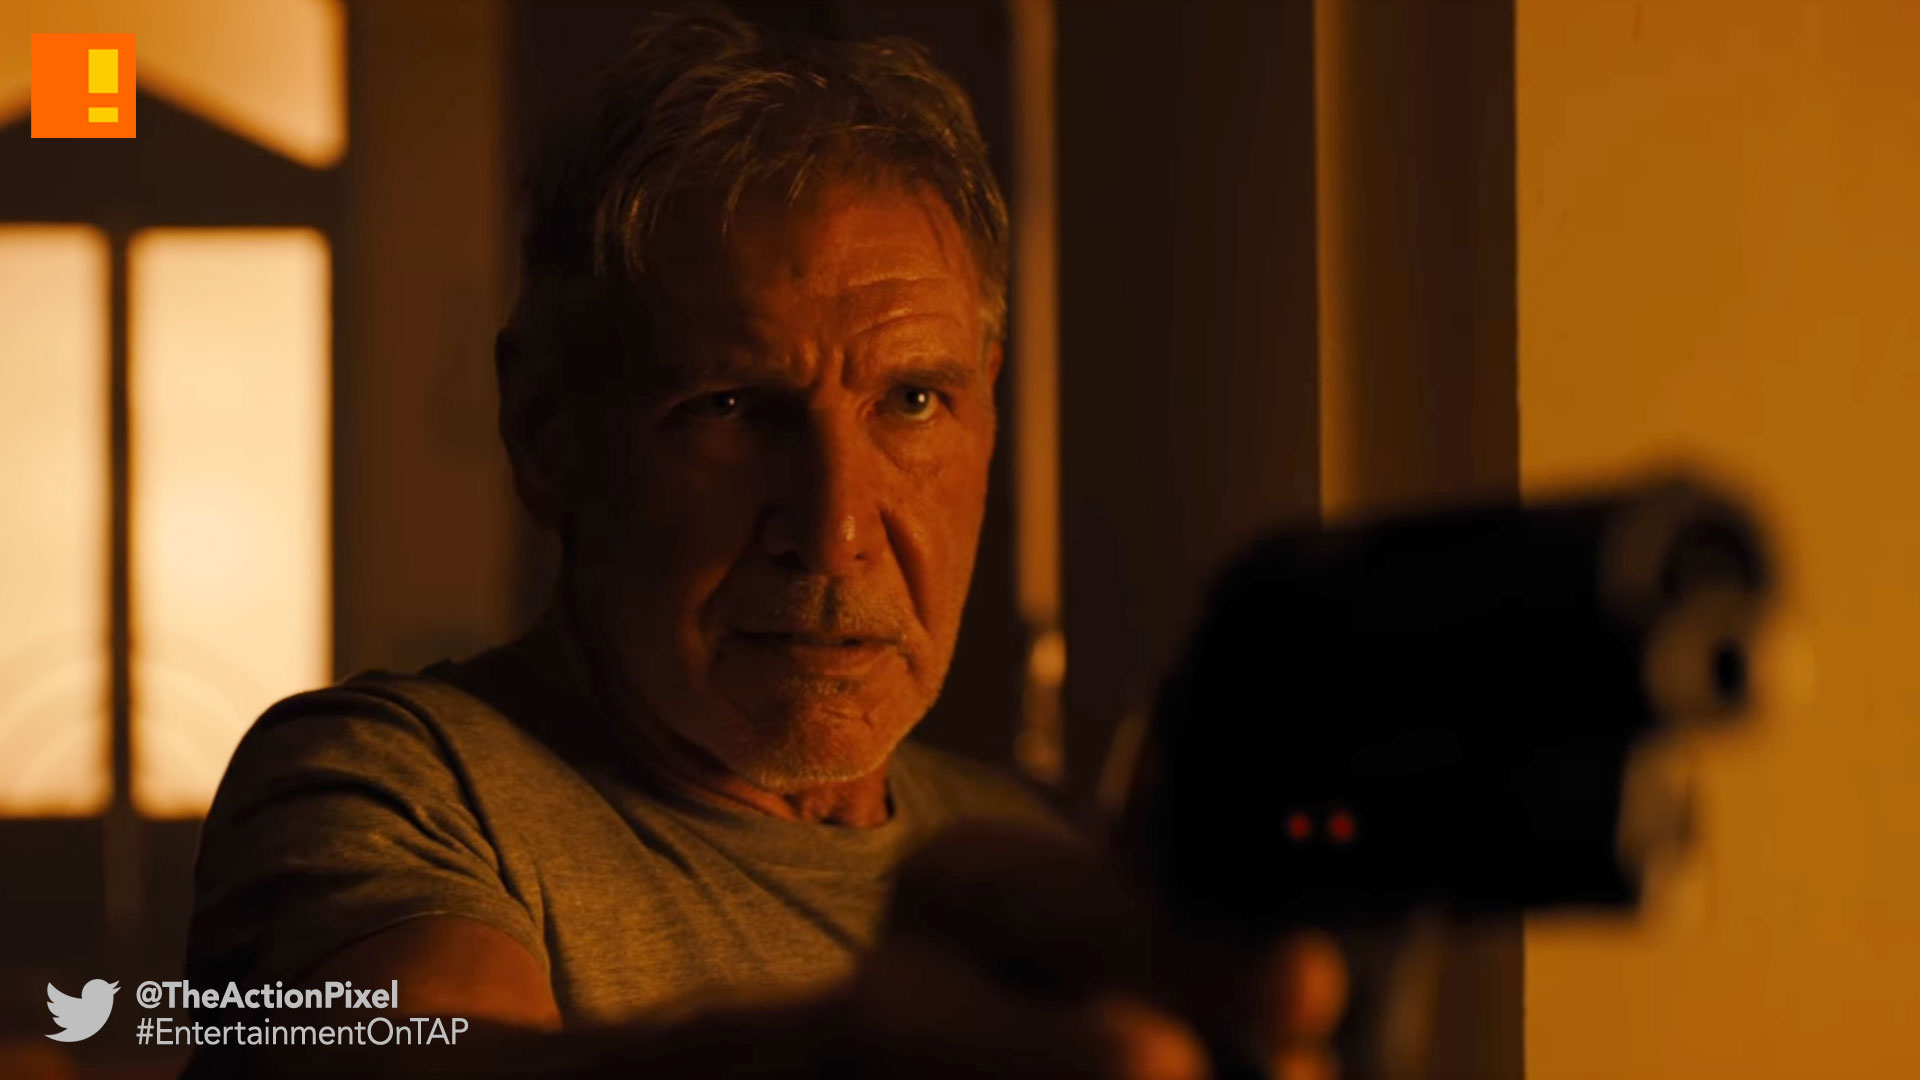 blade runner 2049, ryan gosling, harrison ford, trailer, sony, columbia, icon, warner bros. entertainment , the action pixel, entertainment on tap, rick deckard,
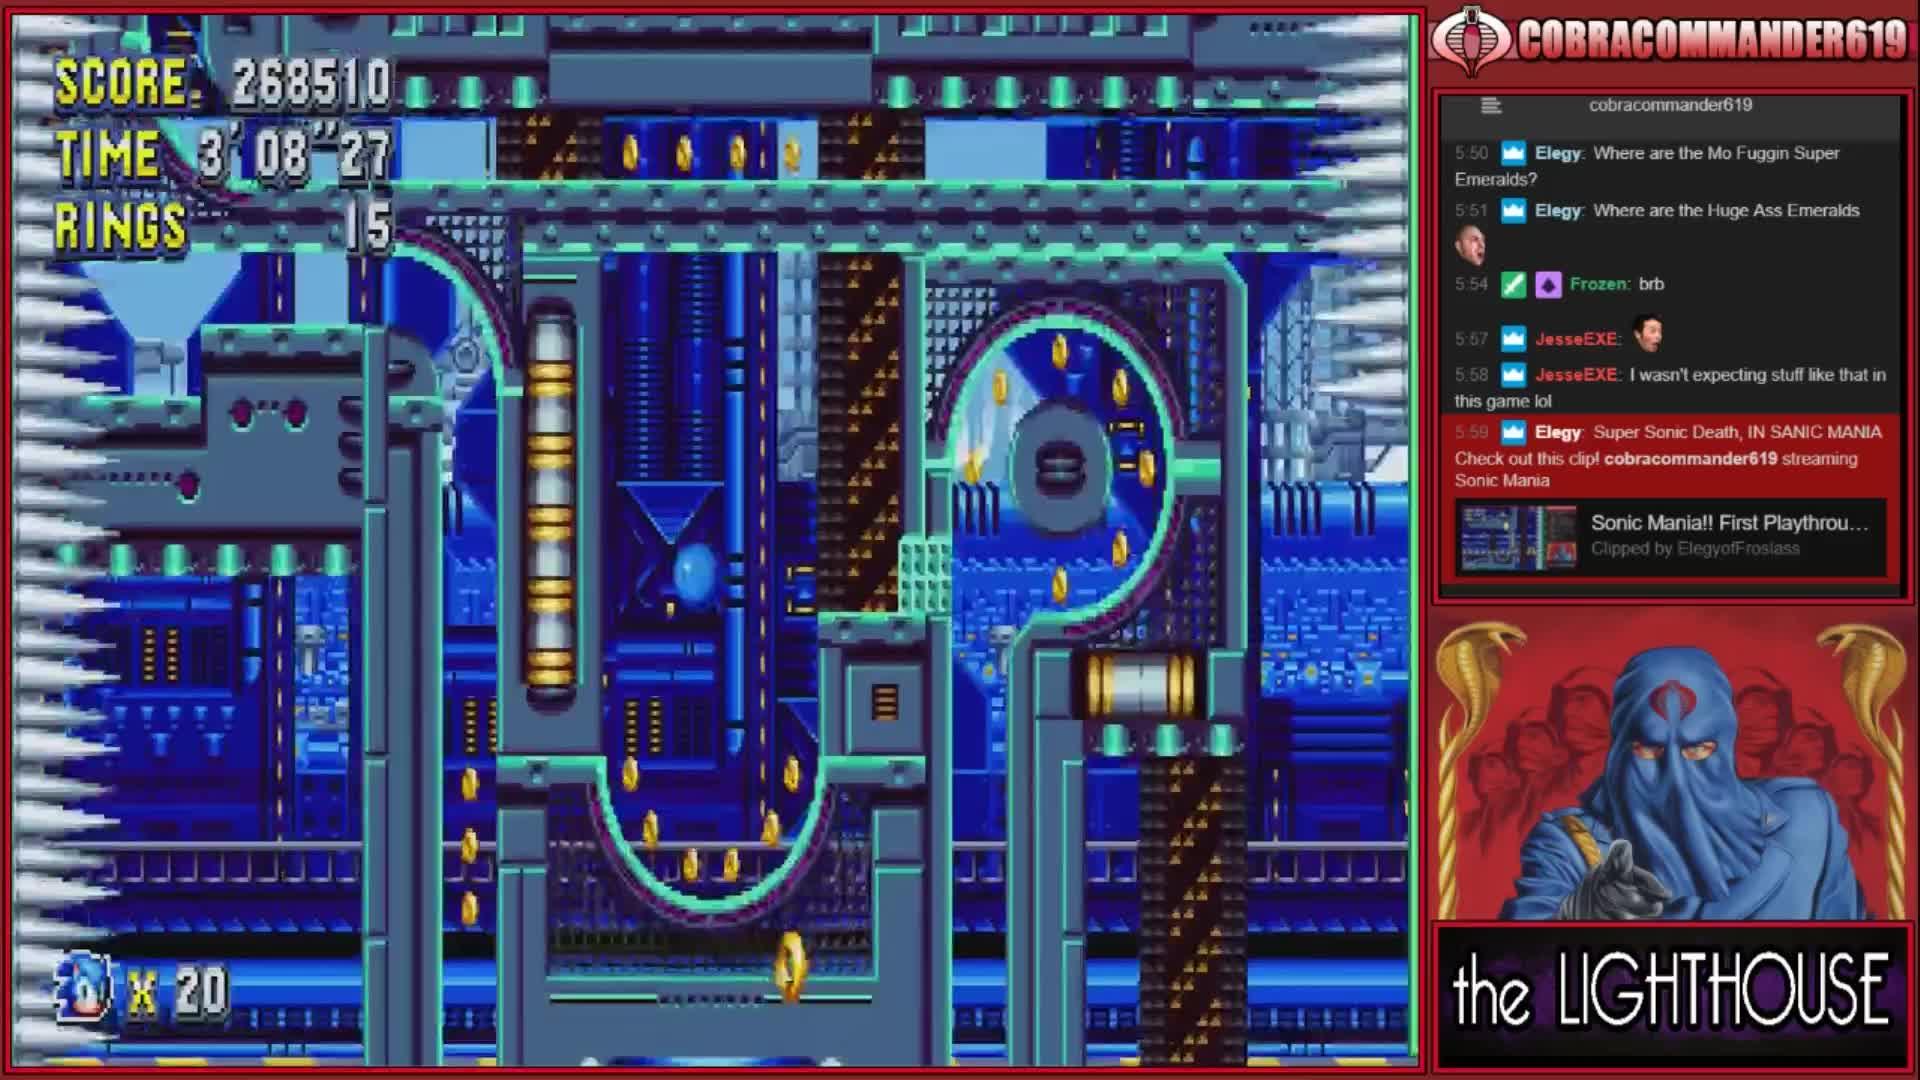 Sonic Mania!! First Playthrough! - Twitch
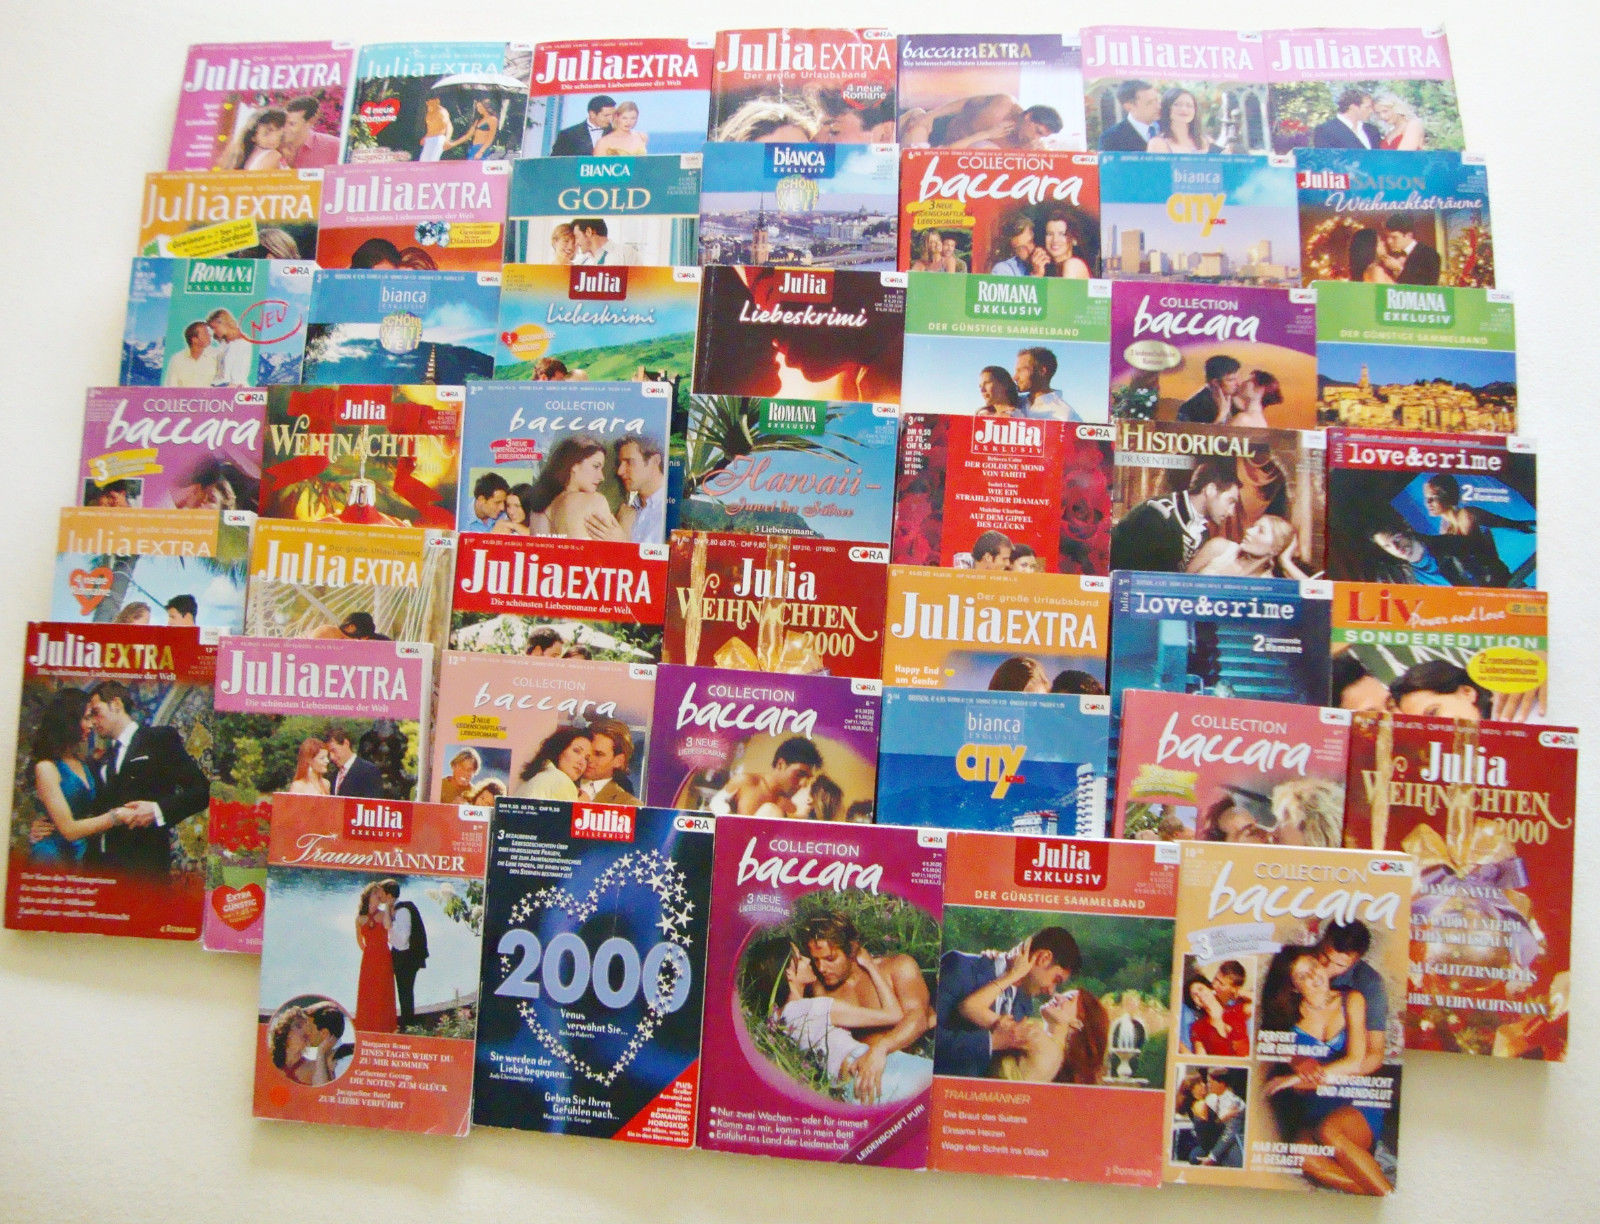 153 Romane, Julia, Baccara, Bianca, Tiffany, Romana, Cora Verlag, Frauenromane,

■ ■ ■

Print the full listing above exactly. Pictures stay out of the copy.

**Solution for this problem**
 blade runner 2049, ryan gosling, harrison ford, trailer, sony, columbia, icon, warner bros. entertainment , the action pixel, entertainment on tap, rick deckard,
 Sonic Mania!! First Playthrough! - Twitch
 153 Romane, Julia, Baccara, Bianca, Tiffany, Romana, Cora Verlag, Frauenromane,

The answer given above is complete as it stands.